DATA FOR REVIEW:
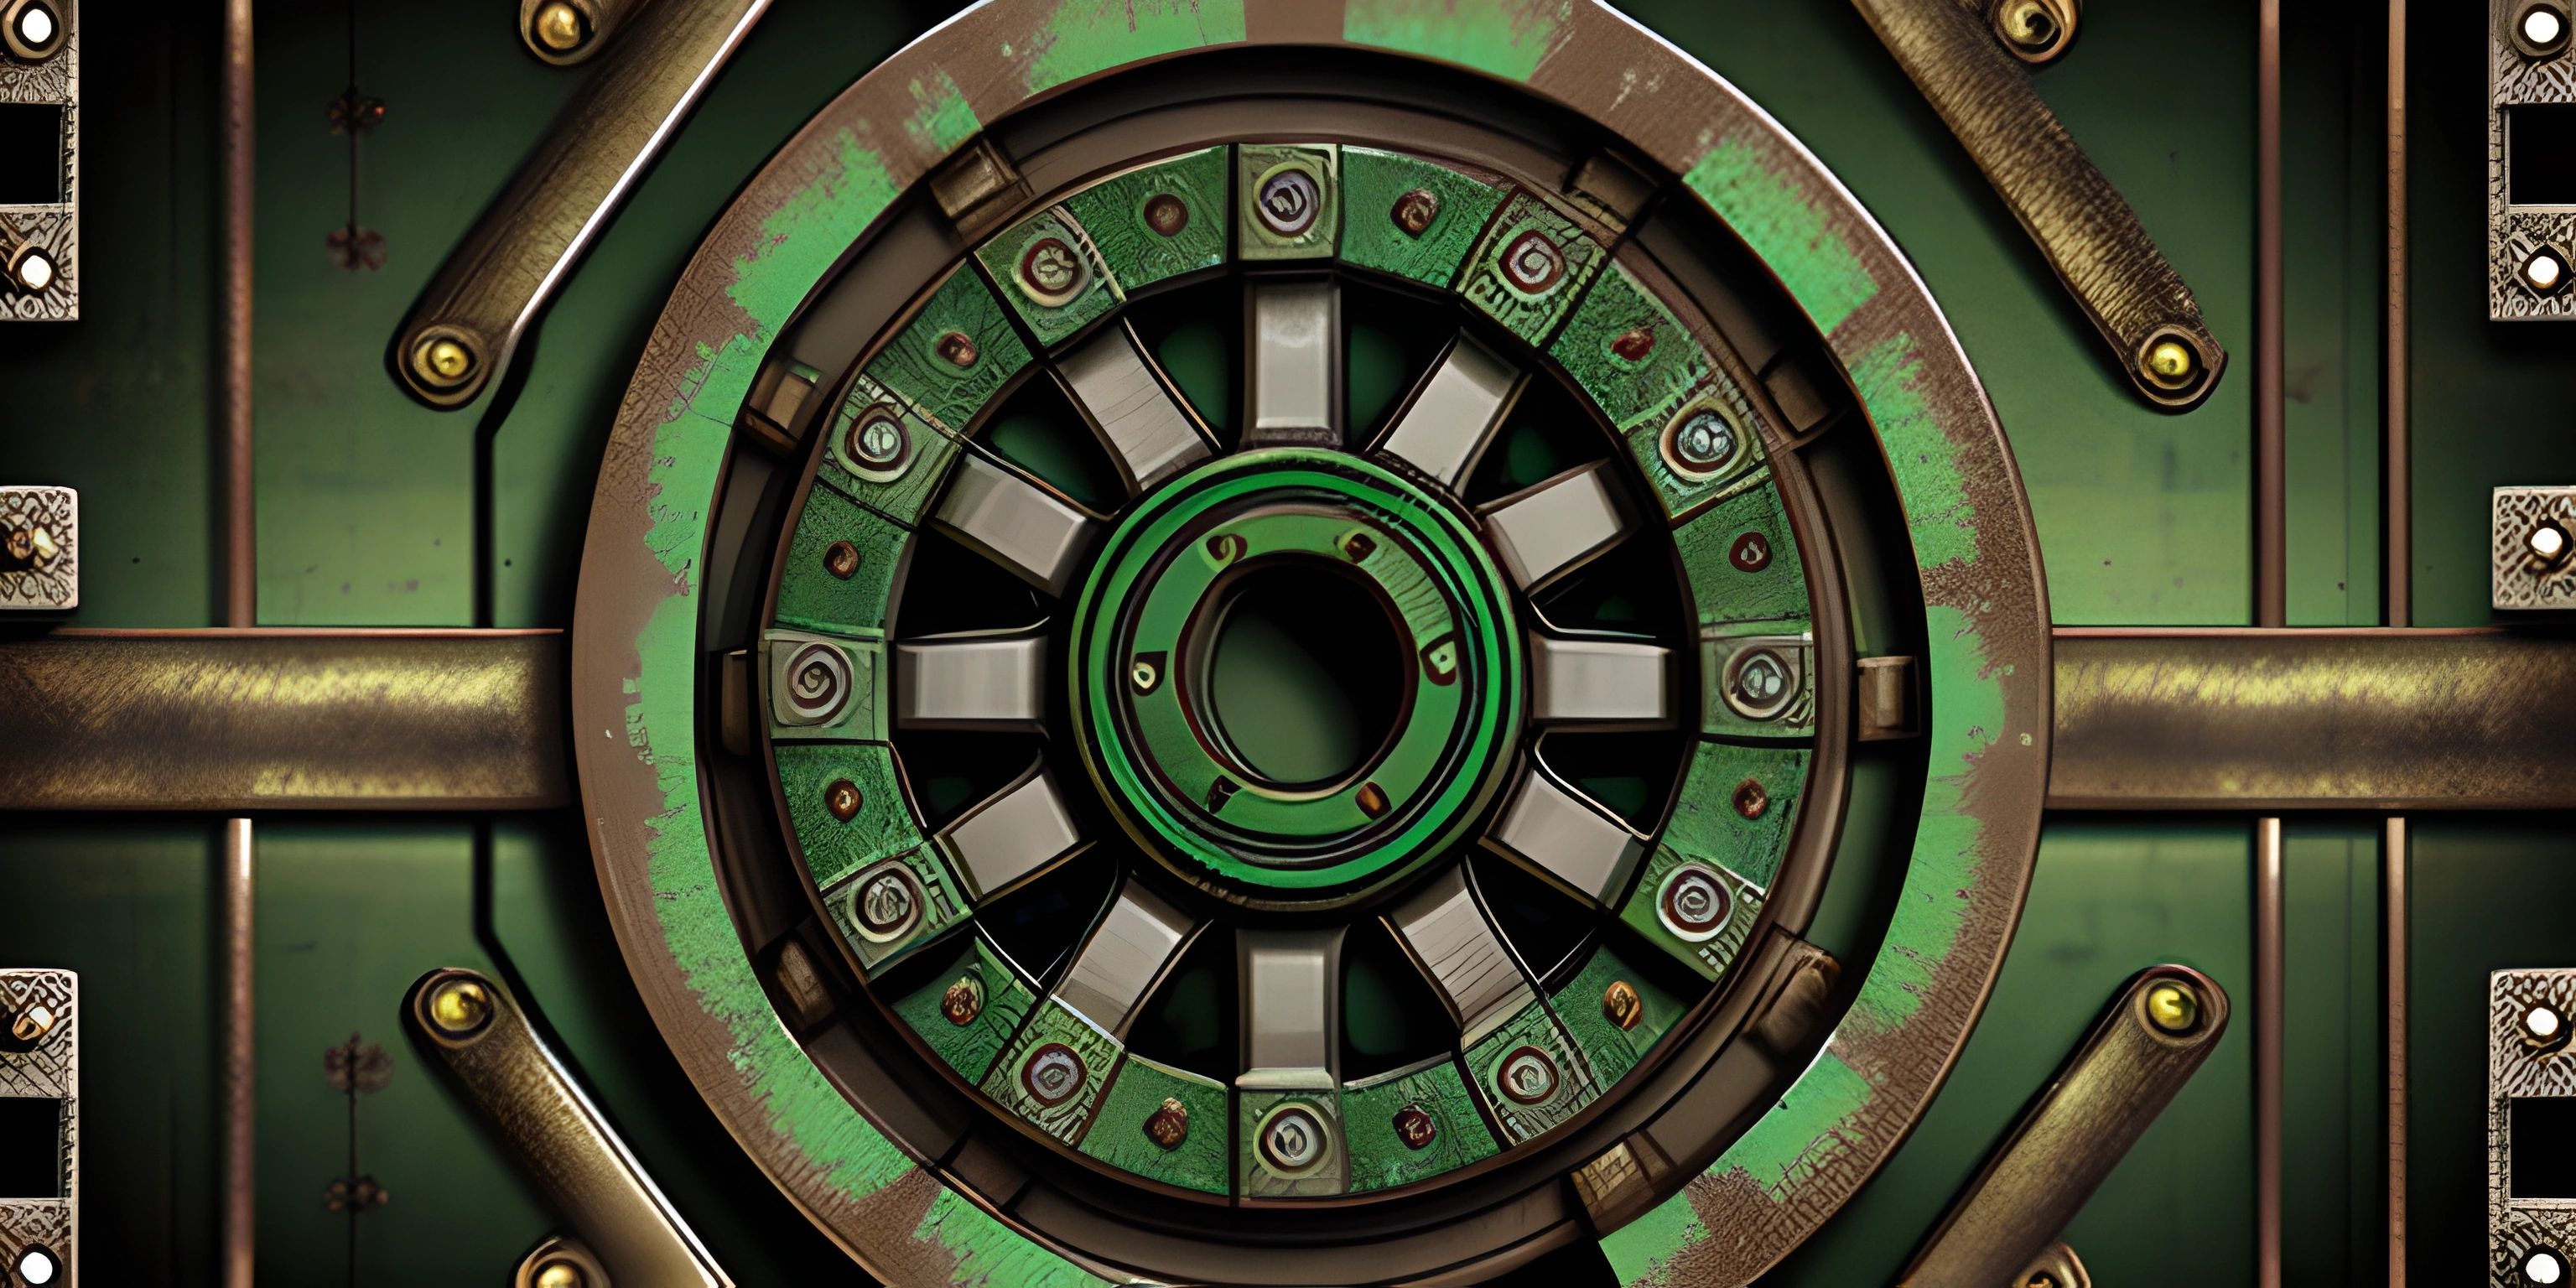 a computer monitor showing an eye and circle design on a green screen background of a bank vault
...
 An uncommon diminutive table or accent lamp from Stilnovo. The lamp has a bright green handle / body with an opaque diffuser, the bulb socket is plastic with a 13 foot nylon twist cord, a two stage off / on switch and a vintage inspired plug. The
--
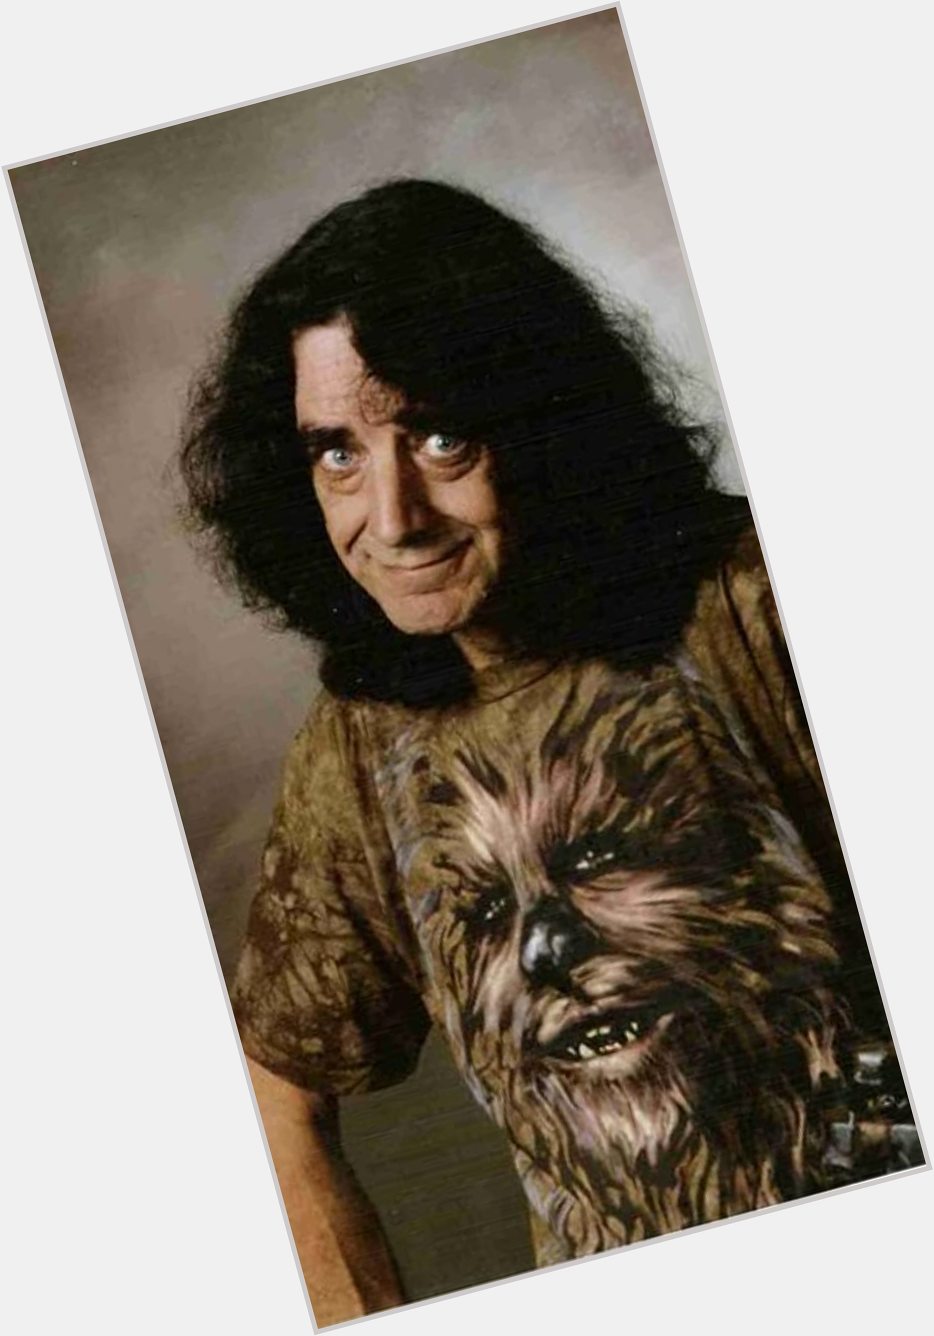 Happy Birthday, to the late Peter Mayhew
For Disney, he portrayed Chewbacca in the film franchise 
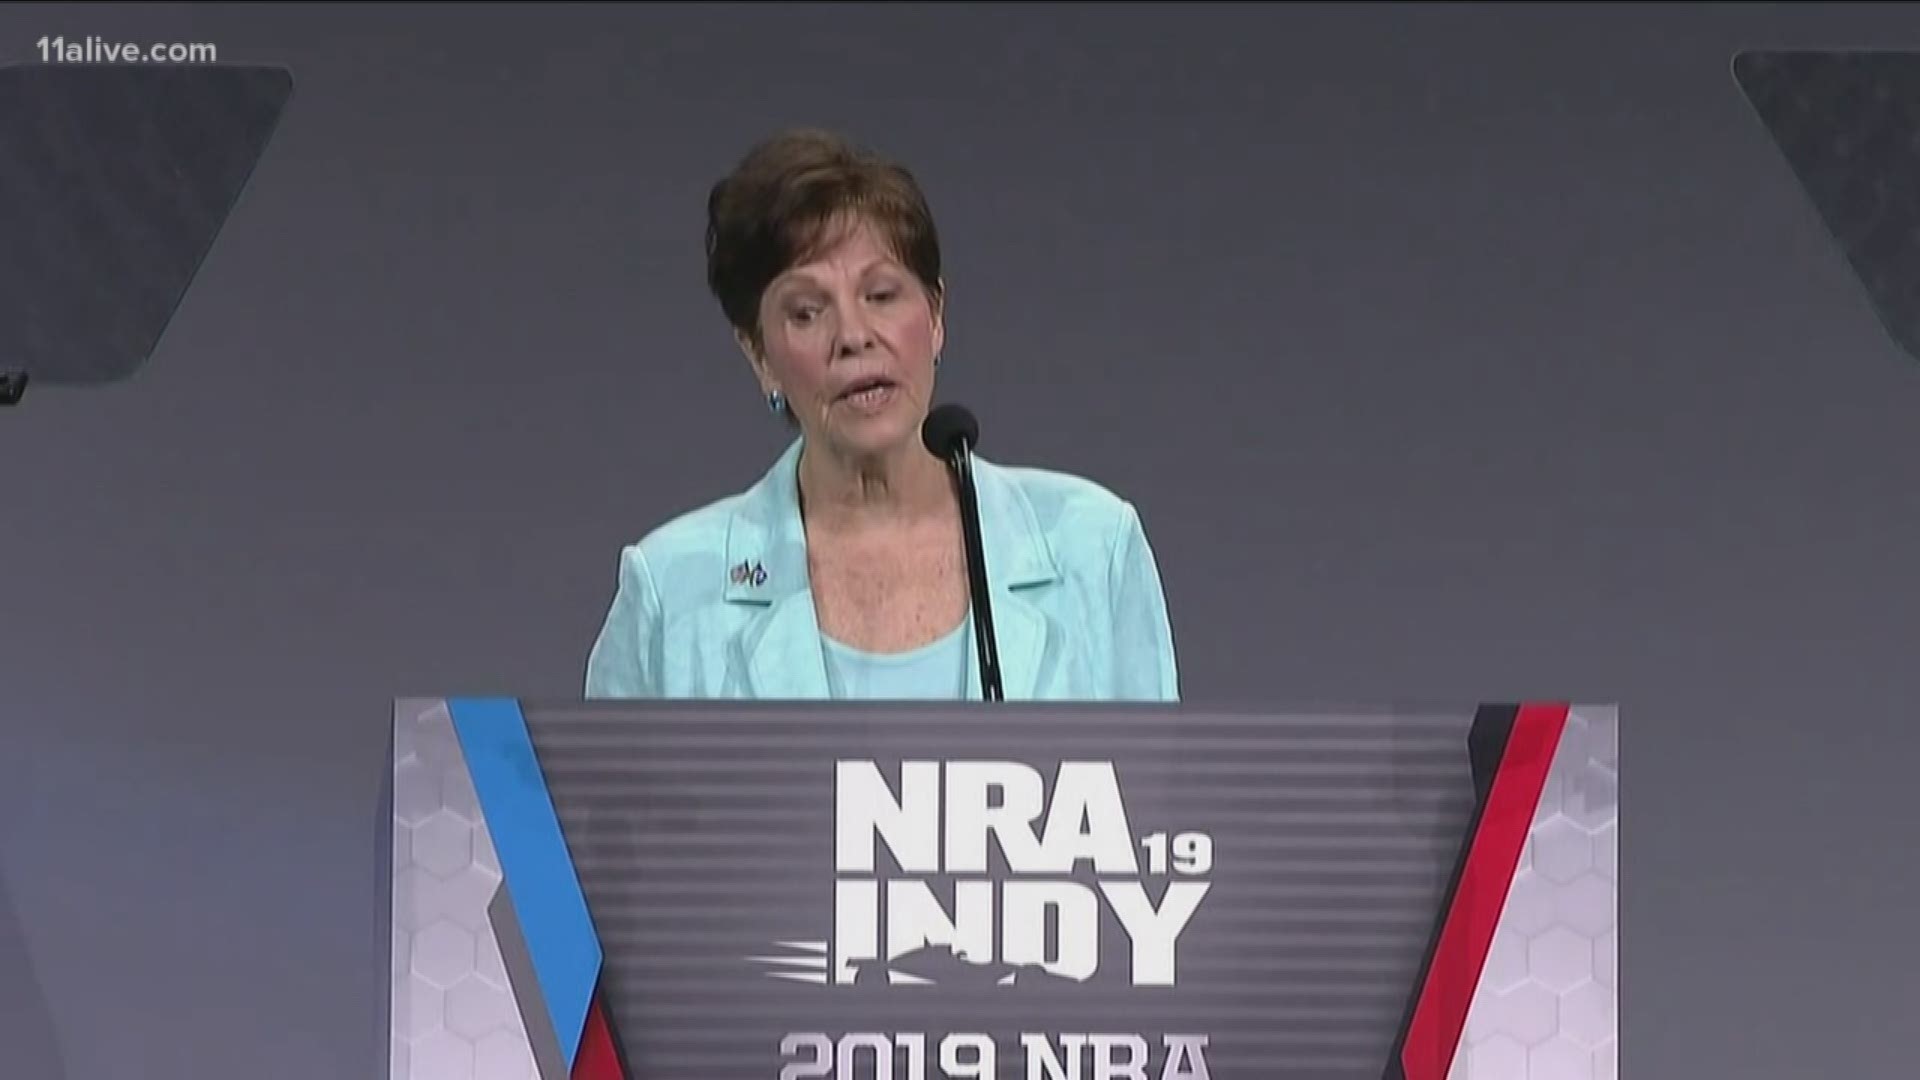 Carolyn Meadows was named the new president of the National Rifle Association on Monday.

TASK DETAILS:
From the records above, quote word for word only the lines beginning at the line that has "Happy Birthday, to the late Peter Mayhew" and stopping after the line that has "Carolyn Meadows was". Omit the pictures.

OUTPUT BELOW:
 Happy Birthday, to the late Peter Mayhew
For Disney, he portrayed Chewbacca in the film franchise 
 Carolyn Meadows was named the new president of the National Rifle Association on Monday.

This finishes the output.